# NA Baby II



## gillo45 (21 Feb 2012)

DSC_0875 by gillo45, on Flickr

With the help from Edward I have a great Planted Tank


----------



## sussex_cichlids (21 Feb 2012)

Hi gillo
Looks Lovely only going to get better with time


----------



## Ady34 (21 Feb 2012)

indeed you do, great looking set up.


----------



## Aquadream (21 Feb 2012)

This is very charming island you'v got there.


----------



## Iain Sutherland (21 Feb 2012)

good looking tank mate.


----------



## Antoni (21 Feb 2012)

Nice looking tank! Will keep an eye on this one definitely!


----------



## faizal (22 Feb 2012)

That is a sweet tank


----------



## gillo45 (22 Feb 2012)

Thanks guys like I said all thanks to Edward (piece-of-fish) he is a great guy. Might do a journal later on


----------



## sussex_cichlids (22 Feb 2012)

Gillo a Journal sounds good will it be for this tank or a new project look forward to following it


----------



## Antipofish (22 Feb 2012)

Very stunning.  High impact and visually very appealing.  Love the chunky wood too, adds a real feel to it all


----------



## Iain Sutherland (22 Feb 2012)

I think a journal is a must as we would all like to see this progress!
I'd move you drop checker though.. co2 from diffuser will be being pushed straight at it where it is.  I like mine under the outlets quite low down.


----------



## gillo45 (22 Feb 2012)

Antipofish said:
			
		

> Very stunning.  High impact and visually very appealing.  Love the chunky wood too, adds a real feel to it all



Thanks Antipofish



			
				sussex_cichlids said:
			
		

> Gillo a Journal sounds good will it be for this tank or a new project look forward to following it



if i do a Journal it will be for this Tank 





			
				easerthegeezer said:
			
		

> I think a journal is a must as we would all like to see this progress!
> I'd move you drop checker though.. co2 from diffuser will be being pushed straight at it where it is. I like mine under the outlets quite low down.

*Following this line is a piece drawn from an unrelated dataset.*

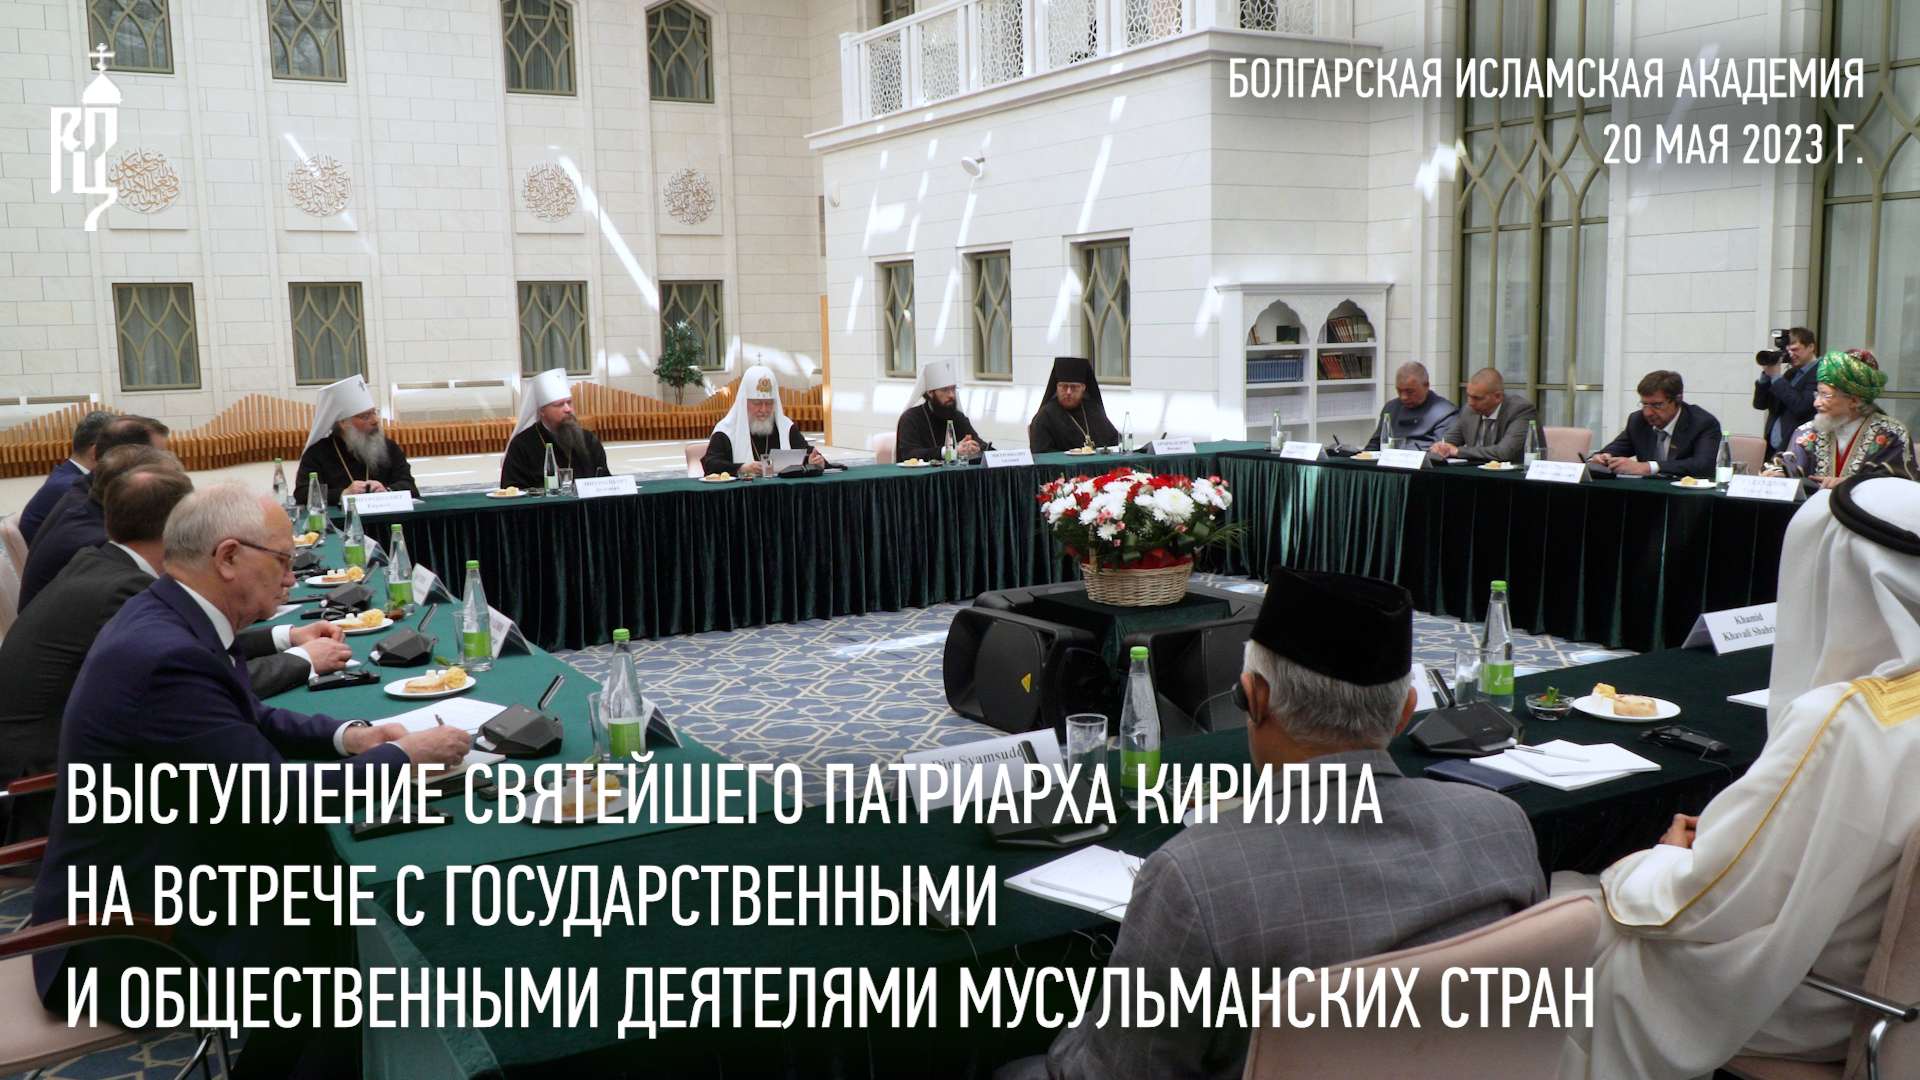 Выступление Святейшего Патриарха Кирилла на встрече с общественными деятелями мусульманских стран

thanks for the advise it makes sense will move it tonight and monitor the results

many thanks Guys


----------



## Radik (22 Feb 2012)

Hi Ben


----------



## gillo45 (22 Feb 2012)

Hi Radik lol


----------



## Piece-of-fish (22 Feb 2012)

Plant list:

Cryptocoryne var. Balansae
Cryptocoryne Wendtii Green
Anubias Barteri var Barteri i guess
Anubias barteri var nana
Anubias barteri var nana petite
Round Pelia
Microsorum pteropus var needle and trident
Unknown moss from Westygxx (probably peocock)
Bolbitis Heudelotii


----------



## LondonDragon (30 Apr 2012)

Any updated on this one?


----------



## Rowly (30 Apr 2012)

+1 for updates!


----------



## Nathaniel Whiteside (30 Apr 2012)

Yeah, looks absolutley stunning! 
I would love to see a recent Photo.

Regards


----------



## Piece-of-fish (3 May 2012)

Unfortunately there will be no more updates  8)  The tank is down.


----------



## Radik (3 May 2012)

Ben the tank killer


----------



## Antipofish (3 May 2012)

Piece-of-fish said:
			
		

> Unfortunately there will be no more updates  8)  The tank is down.



Shame. it was lovely.


----------



## Nathaniel Whiteside (7 May 2012)

Radik said:
			
		

> Ben the tank killer






True,it is a shame. Great looking tank !


----------



## gillo45 (14 Jul 2012)

It will be back guys with a twist. Watch the space


----------